Hoyer hopes the Cubs can keep their players from contracting COVID-19 all season, but the team has also heard from medical experts and seen the spread across the country.

“We’re going to face our challenges with that at some point,” Hoyer said. “I think that’s inevitable.

“Do I want to get a negative sheet back every time with 80-something negatives? Of course. I don’t know if we can do that for the whole year, I don’t know if that’s realistic. But I think that has to be the goal for us. It has to be the goal for every team: do everything you can to avoid an outbreak. Be as mindful of every situation as you can. Hopefully we can continue that. But I don’t think we’re doing anything different than other teams. Everyone’s working hard at this.”

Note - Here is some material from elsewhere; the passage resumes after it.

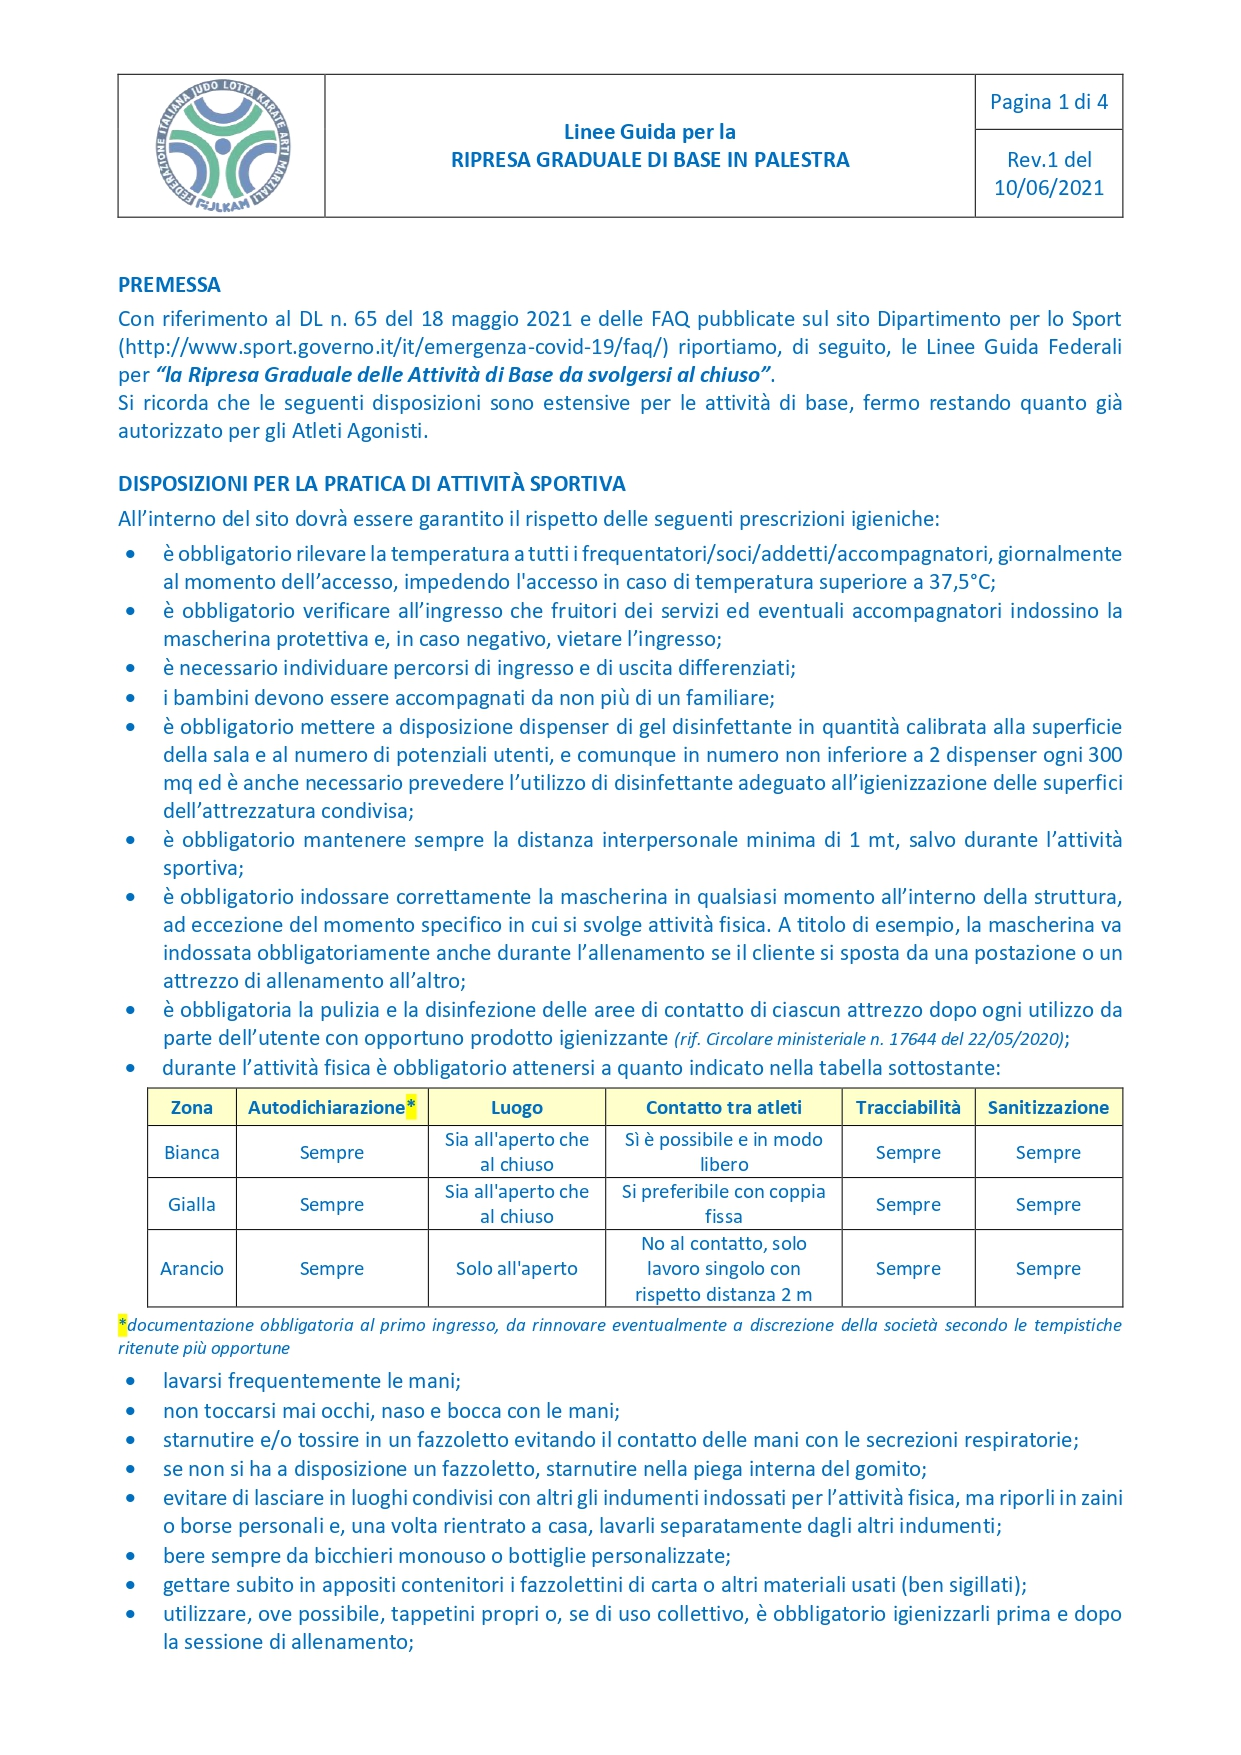 20210610_Linee Guida per la Ripresa Graduale di Base in Palestra_page-0001
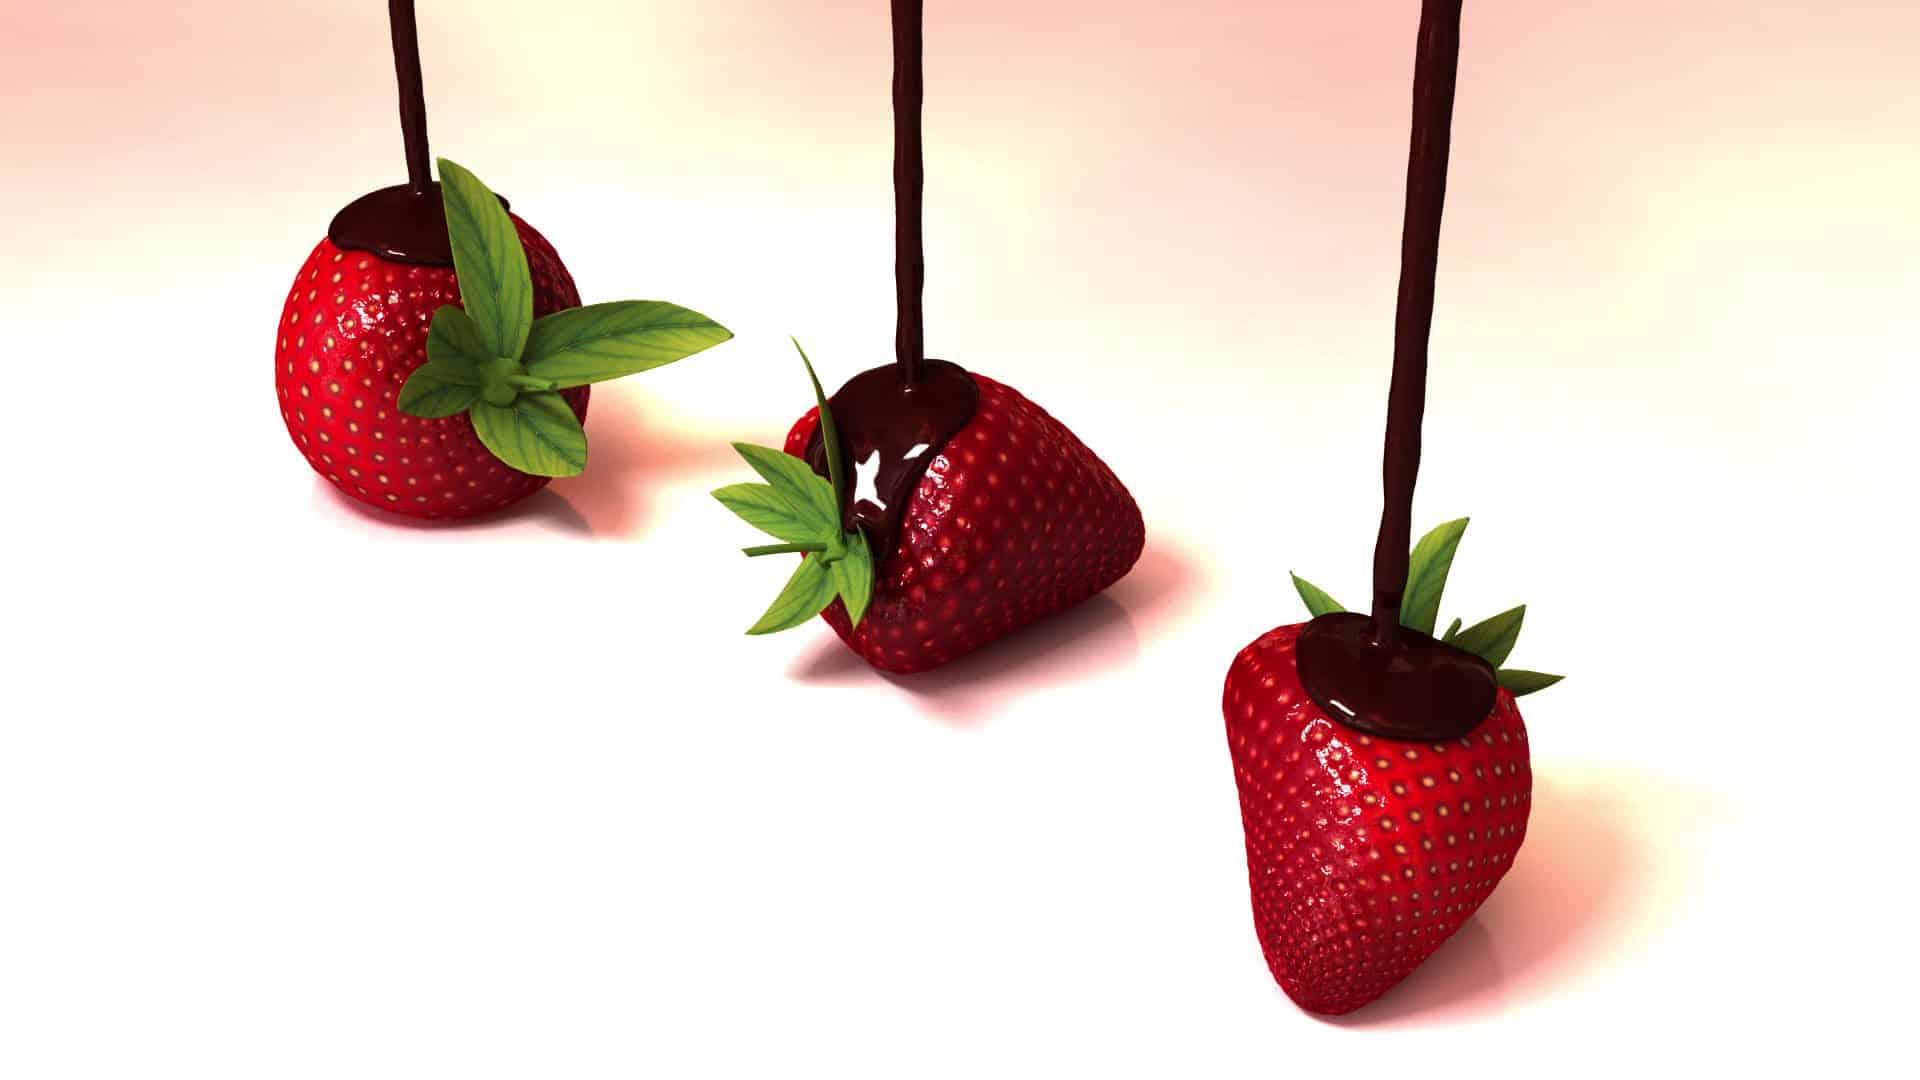 animation fl ssige schokolade mit erdbeeren geminus 3d. Black Bedroom Furniture Sets. Home Design Ideas

Tier 1 individuals, including Cubs players, also were tested on Tuesday, in line with the every-other-day schedule laid out in the 2020 Operations Manual. Hoyer said he believes the delay in results Tuesday was a lingering result of the testing backup over the weekend as the league transitioned from intake testing to a more regular schedule over the Fourth of July.

“I feel like now we’re in that routine,” Hoyer said. “It doesn’t mean we’re out of the woods, but I do think that transition was the challenge and now that we’re past that, I think things will run really well.”

Kyle Ryan remains delayed in reporting to camp for what manager David Ross called “protocol technicalities,” but the Cubs hope he will report by the end of the week.